When deciding whether the time limit for hearing a claim should be extended, tribunal judges have to apply a two-stage test. In Tesco Stores Ltd v Kayani, the Employment Appeal Tribunal (EAT) held that tribunal judges must distinguish between the two limbs of the test and take all factors into account, including the adequacy of any advice given by solicitors.
Basic facts
Ms Kayani, a Pakistani national, was dismissed with effect from 12 February 2015 over an issue to do with her right to work in the UK. Although the time limit for lodging a claim ran out on 11 May, she tried to lodge a number of claims on 2 June.
These were rejected because she did not have an Early Conciliation (EC) certificate number and it was 1 September before her claims were ultimately accepted by the tribunal.
Tesco objected on the basis that she was out of time. Ms Kayani argued that a series of circumstances had resulted in the delay.
Tribunal decision
Holding that the “crucial point in time” was between 29 April and 11 May, the tribunal accepted that Ms Kayani was more pre-occupied with giving birth than with lodging a tribunal claim.
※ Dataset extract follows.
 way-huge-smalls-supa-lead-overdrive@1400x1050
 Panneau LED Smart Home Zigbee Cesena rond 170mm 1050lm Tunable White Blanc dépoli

Four days after the birth on 11 May, she and her husband were evicted from their rental property. As soon as she was permanently settled in late May Ms Kayani had tried to lodge her claims but these were rejected because she did not have an EC number.
The tribunal decided that as a result of these factors, Ms Kayani could not have been expected to submit her unfair dismissal claim (among others), within the statutory three months but that she had presented them within a reasonable time after that.
In relation to her sex discrimination claim, the test was whether it was just and equitable to extend the time for presenting it. The tribunal held that it should extend the time because of the extent of the difficulties she had faced between April and September when she finally, successfully, lodged her claims.
EAT decision
In upholding the appeal, the EAT made clear that the law requires tribunal judges to consider two things. Firstly, whether it was reasonably practicable to present the claim within three months; and secondly if it was not, to consider whether the claim was nonetheless presented within a reasonable period after that. In this case, it was not clear that the judge had understood the distinction between the two limbs of the test and for that reason alone, the decision could not stand.
In addition, although the judge had found as a matter of fact that Ms Kayani had instructed solicitors before 11 May and that she did not have funds to pay the tribunal fee, he failed to address the quality of the legal advice she had received. Her solicitor had failed to advise her about the possibility of being awarded a remission of the fee. This failure to grapple with the question of whether the solicitors had been at fault was directly analogous to the situation that had arisen in eBay (UK) Ltd v Buzzeo when the tribunal had focused only on the claimant’s pregnancy and the imminent birth of her son in considering the reasonable practicability test, when the role of the solicitors was an equally important factor.
There was also confusion in the judgment about the two separate periods - that prior to the expiry of the three-month period and thereafter - in the analysis of the evidence.
In approaching the second limb of the test, the tribunal had regarded the requirement to state the early conciliation number on a claim form as “technical” when the authorities made clear that it was an essential requirement. His reasoning as to the “just and equitable” test was flawed for similar reasons to those found in the application of the reasonable practicability test.